Because we’d rewritten the tax laws, manufacturers are not required to source any materials from the host country nor to pay any taxes to that country for their first nine years and then only a slowly rising rate.

Fourth, for nearly 30 years we supported an intensely brutal dictatorship. Dr. Jean Claude Duvalier, “Papa Doc,” formed his own private army, the Tonton Macoute. Drafted from the dregs of society, the Macoutes were given, instead of a salary, permission to extricate funds from the populace by any means they might devise.

We sent preposterous amounts of “Foreign Aid” to Haiti during the reign of Duvalier and the son he appointed to succeed him, “Baby Doc.” The populace did not get schools or health care or infrastructure. But it exploded the private wealth of Papa Doc and Baby Doc who took millions to France when he was deposed in 1986. So the people eked out a living as best they could, building shacks among the mud and sewage.

Meantime, more assembly factories hired more sweatshop labor. By the time I first went to Haiti in 1990, over 200 factories were in operation there, including one where Figgie International produced every baseball used in major league games in our country.

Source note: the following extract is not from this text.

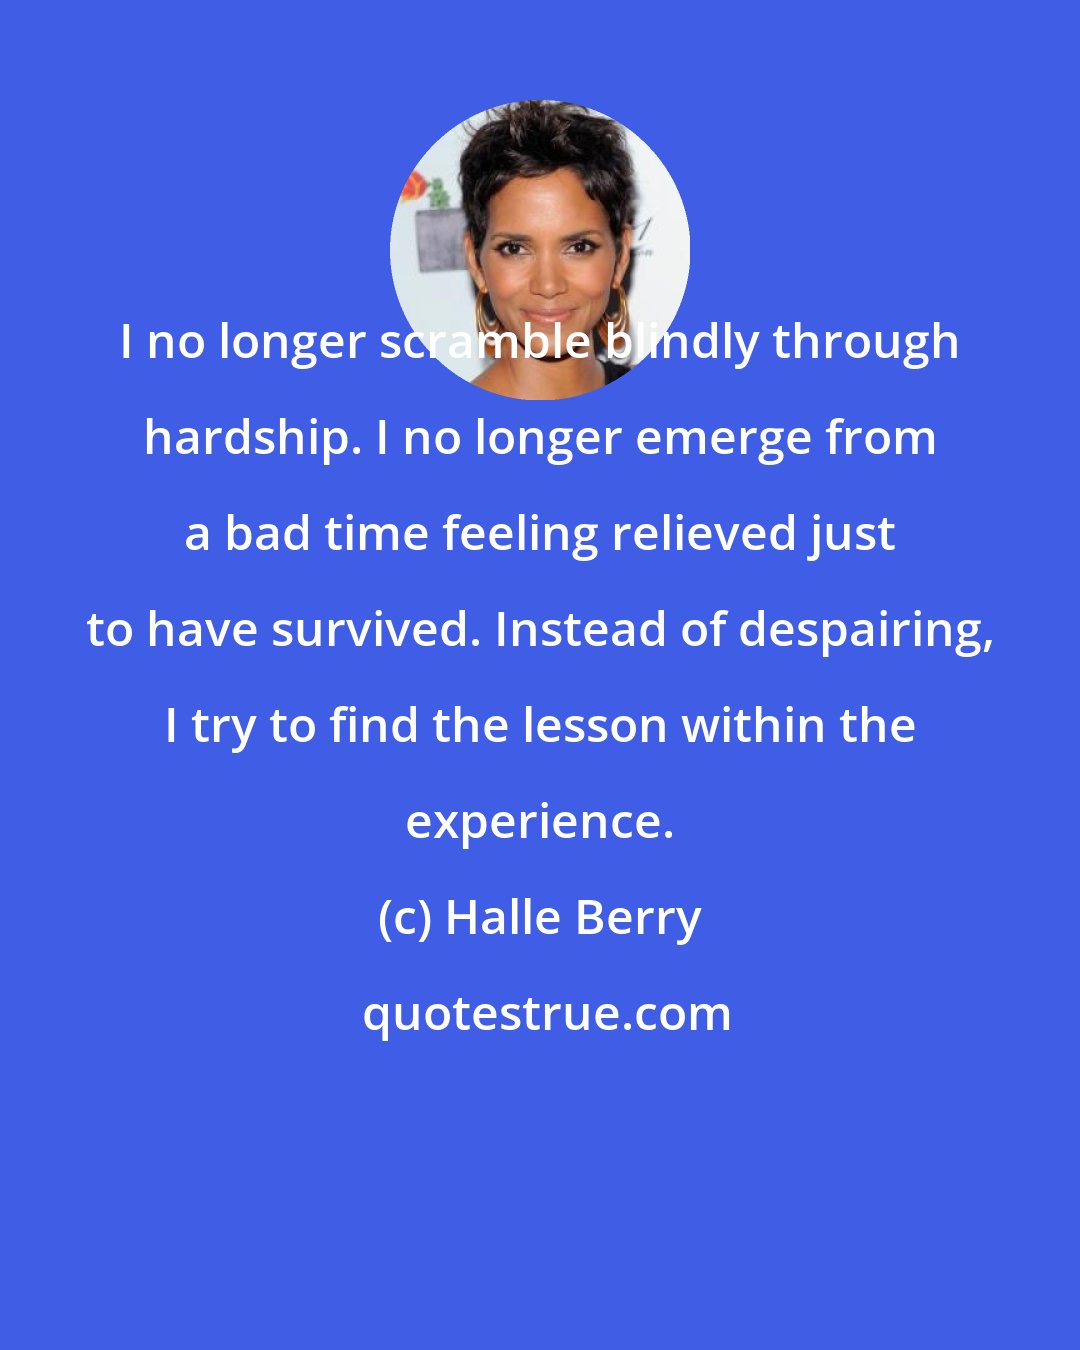 Halle Berry: I no longer scramble blindly through hardship. I no longer emerge from a bad time feeling relieved just to have survived. Instead of despairing, I try to find the lesson within the experience.

If you ever studied a baseball, you likely assumed it was machine-made. But each baseball is sown by hand. A woman gathers the stuffing materials and the precut leather strips (both from U.S. suppliers) and holds these together between her feet. Because stitching must be done with one continuous filament, she threads two needles and holding one in each hand, bends down to feed the filament through, then brings the needles the full length of her upward reach. One stitch completed. Bend, reach, bend, reach until half-way finished. Then the work continues from table height.

No breaks are allowed in the workday, and she’s working piecemeal under quota. If her quota isn’t fulfilled by quitting time, she won’t get paid a dime for the day’s work. On quota she gets about a dime for each ball – someday. There’s no regular payday. And to even get the job, she likely had to grant the foreman sexual favors.

Fifth, the U.S. constantly interferes with Haiti’s economics and politics. Case in point, I watched U.S.-subsidized rice delivered to a hidden dock to be sold below market value, thus sabotaging local agriculture. For years, Haitian haven’t been able to afford locally grown products. If they can afford anything. Many subsist on mudcakes. Picture grave unemployment and no governmental services, though all workers pay taxes.

Sixth, when Haiti held it’s first free and fair election in 1990, the U.S. was outraged that a populist candidate got 67% of the vote when we had invested millions in the campaign of another candidate. Significant members of our government tried to convince Jean Bertrand Aristide not to accept the Presidency. They failed and he was not allowed to succeed.

Though he accomplished much with few resources, including building many schools, a medical college, substantial housing for some of the poor, a first-time medical system, he also tried to raise the minimum wage from 38 cents to a dollar per day.

So we kidnapped Aristide in 2004, sent him into exile. The medical college immediately became a military base and the people suffered even more. Then came 4 hurricanes last year. And this year, the earthquake, for starts.

Thousands of Aristide supporters, clustered around the collapsed government center under tented bedsheets and rags, have received not one bottle of water, morsel of food, or drop of medication, though tons of relief supplies have been shipped to Haiti from around the world. These folks had, and retain, the audacity to hope.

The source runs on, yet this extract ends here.